Important limitation: Mailto: links can only pre-fill plain text - no HTML formatting is possible.
According to the mailto: specification (RFC 6068), the body=
parameter is strictly for “the first text/plain body part.” This means:
- No bold, italics, or other rich text formatting
- No hyperlinks or clickable URLs within the email body
- No tables, images, or other HTML elements
- Any HTML tags you include will appear as literal text, not formatted content
Working with plain text:
- Use line breaks with URL encoding:
%0D%0A
represents a new line - Example:
mailto:user@example.com?body=Line%201%0D%0ALine%202
creates two separate lines - Structure your content with spacing and plain text formatting (dashes, asterisks, etc.)
- Keep messages clear and concise since formatting options are limited
If you need rich HTML emails, you’ll need to either:
- Use server-side email sending where you control the MIME type and can include HTML
- Direct users to a web form that sends formatted emails on the backend
- Have users manually format the email after it opens in their client
If your team primarily uses Gmail on the web, you can create direct Gmail compose URLs instead of mailto: links. These bypass the mailto: protocol entirely and open Gmail’s compose window directly.

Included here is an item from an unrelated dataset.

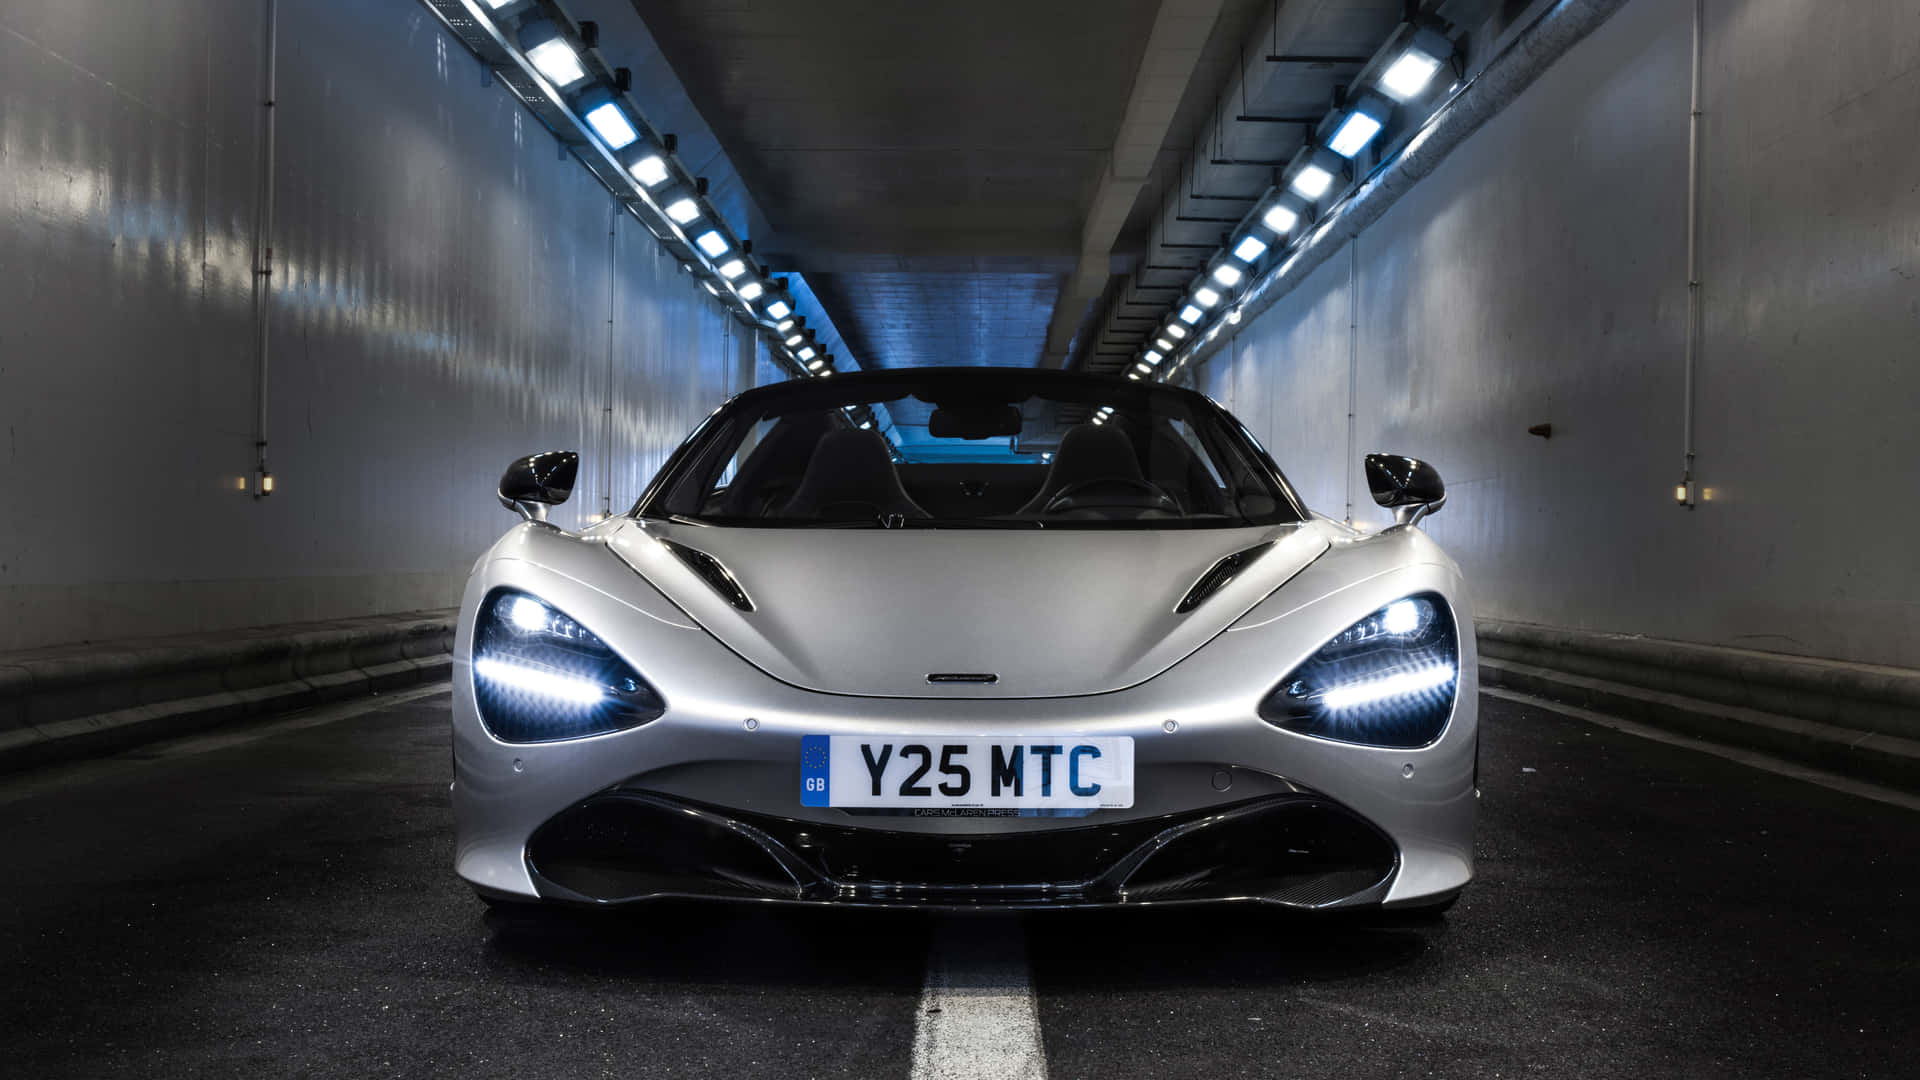 A Silver Sports Car Is Parked In A Tunnel

Gmail compose URL structure:
https://mail.google.com/mail/?view=cm&fs=1&to=recipient@example.com&su=Subject&body=Message
Parameters you can use:
to=
- Recipient email addresscc=
- CC recipients (comma-separated for multiple)bcc=
- BCC recipientssu=
- Subject linebody=
- Message body (plain text only, URL-encoded)
Example with variables:
<a href="https://mail.google.com/mail/?view=cm&fs=1&to={{customerEmail}}&su=Order%20{{orderNumber}}%20Update&body=Hi%20{{customerName}},%0A%0AYour%20order%20is%20ready." target="_blank">Email customer via Gmail</a>
Limitations of Gmail compose URLs:
- Plain text only - Just like mailto:, the body parameter doesn’t support HTML formatting
- Gmail-specific - Only works for users who use Gmail (won’t work with Outlook, Yahoo, etc.)
- Web-only - Opens in a browser tab, not a desktop email client
- Authentication required - Users must be logged into Gmail
When to use each approach:
- Use mailto: When users have various email clients and you want universal compatibility
- Use Gmail URLs: When you know all users use Gmail and want to avoid mailto: handler issues
- Use server-side: When you need HTML formatting, attachments, or guaranteed delivery
For teams using Gmail exclusively, the compose URL approach eliminates compatibility issues while still providing one-click email creation with pre-filled content.